Turns out there was a pretty intriguing publication by a British Architect where he pointed out a solution that he had found to describe space. That was to measure the total depth of the space, or in this scenario, a room. The number indicated the joint score of how many steps away from each room to every other room. The colors represented numerical values which provided an effective visualization of simultaneous relations in spatial layouts. The lower the score, the fewer steps it would have taken to walk to that room, thus busier and vice versa. He had concluded that the movement of people inside the space was mainly (about 70%) determined by the layout of the space, not the content. /

/ However, we came across another plausible solution; the **PageRank** algorithm, which approached the problem from a different perspective and was created by Google's co-founders (including Larry Page, for whom the algorithm was named).

When search engines like Google display search results, they do so by placing more "important" and higher-quality pages higher in the search results than less important pages. But how does the search engine know which pages are more important than other pages? In PageRank's algorithm, a website is more important if it is linked to by other important websites, and links from less important websites have their links weighted less. This definition seems a bit circular, but it turns out that there are multiple strategies for calculating these rankings.

Imagine we randomly started by sampling Page 5. We’d then have no choice but to go to Page 6, and then no choice but to go to Page 5 after that, and then Page 6 again, and so forth. We’d end up with an estimate of 0.5 for the PageRank for Pages 5 and 6, and an estimate of 0 for the PageRank of all the remaining pages, since we spent all our time on Pages 5 and 6 and never visited any of the other pages.

To ensure we can always get to somewhere else in the corpus of web pages, we’ll introduce to our model a damping factor **d**. With probability **d** (where **d** is usually set around **0.85**), the random surfer will choose from one of the links on the current page at random. But otherwise (with probability **1 - d**), the random surfer chooses one out of all of the pages in the corpus at random (including the one they are currently on).

Our random surfer now starts by choosing a page at random, and then, for each additional sample we’d like to generate, chooses a link from the current page at random with probability **d**, and chooses any page at random with probability **1 - d**. If we keep track of how many times each page has shown up as a sample, we can treat the proportion of states that were on a given page as its PageRank.

We can also define a page’s PageRank using a recursive mathematical expression. Let **PR(p)** be the PageRank of a given page **p**: the probability that a random surfer ends up on that page. How do we define **PR(p)**? Well, we know there are two ways that a random surfer could end up on the page:

With probability

**1 - d**, the surfer chose a page at random and ended up on page**p**.With probability

**d**, the surfer followed a link from a page**i**to page**p**.

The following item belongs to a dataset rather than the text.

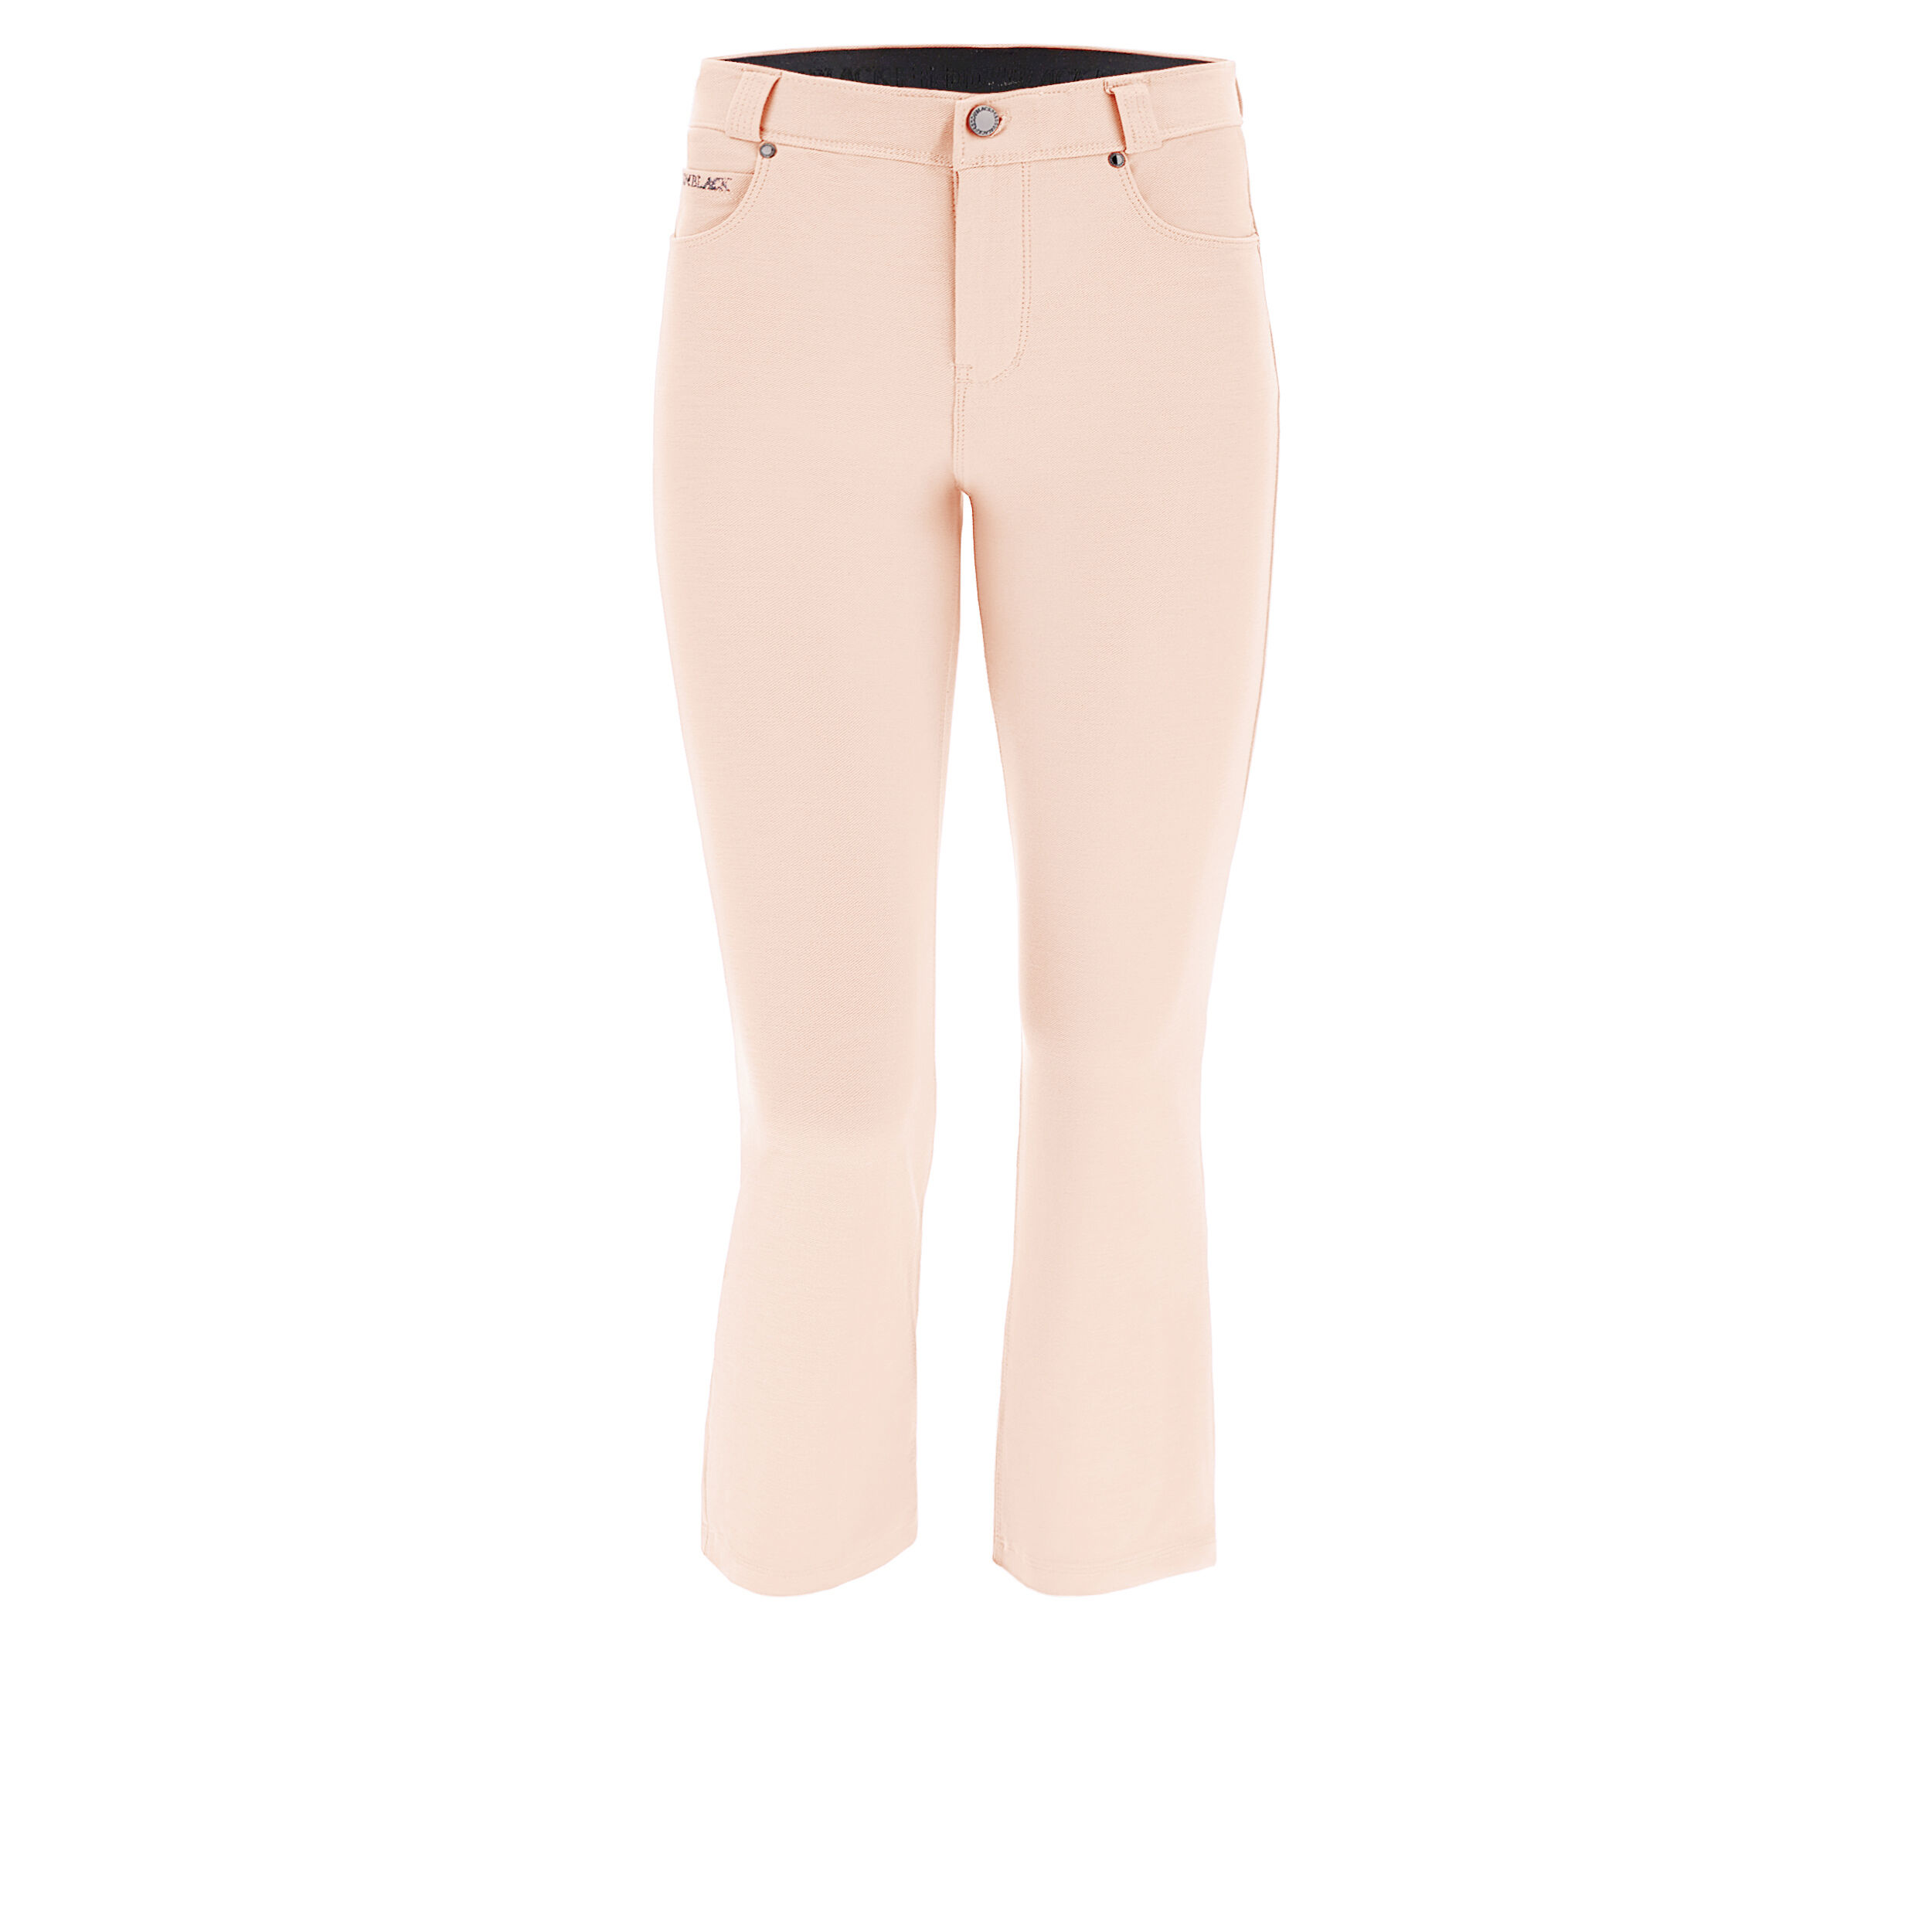 Freddy Pantaloni cropped in jersey drill colorato Peachy Keen Donna Small

The first condition is fairly straightforward to express mathematically: it’s **1 - d** divided by **N**, where **N** is the total number of pages across the entire corpus. This is because the **1 - d** probability of choosing a page at random is split evenly among all **N** possible pages.

For the second condition, we need to consider each possible page **i** that links to page **p**. For each of those incoming pages, let **NumLinks(i)** be the number of links on page **i**. Each page **i** that links to **p** has its own PageRank, **PR(i)**, representing the probability that we are on page **i** at any given time. And since from page **i** we travel to any of that page’s links with equal probability, we divide **PR(i)** by the number of links **NumLinks(i)** to get the probability that we were on page **i** and chose the link to page **p**.

This gives us the following definition for the PageRank for a page **p** as shown above.

In this formula, **d** is the damping factor, **N** is the total number of pages in the corpus, **i** ranges over all pages that link to page **p**, and **NumLinks(i)** is the number of links present on page **i**.

How would we go about calculating PageRank values for each page, then? We can do so via iteration: start by assuming the PageRank of every page is **1 / N** (i.e., equally likely to be on any page). Then, use the above formula to calculate new PageRank values for each page, based on the previous PageRank values. If we keep repeating this process, calculating a new set of PageRank values for each page based on the previous set of PageRank values, eventually the PageRank values will converge. /

/ The formula seems promising. But how does it relate to the integration level of the space? The physical space?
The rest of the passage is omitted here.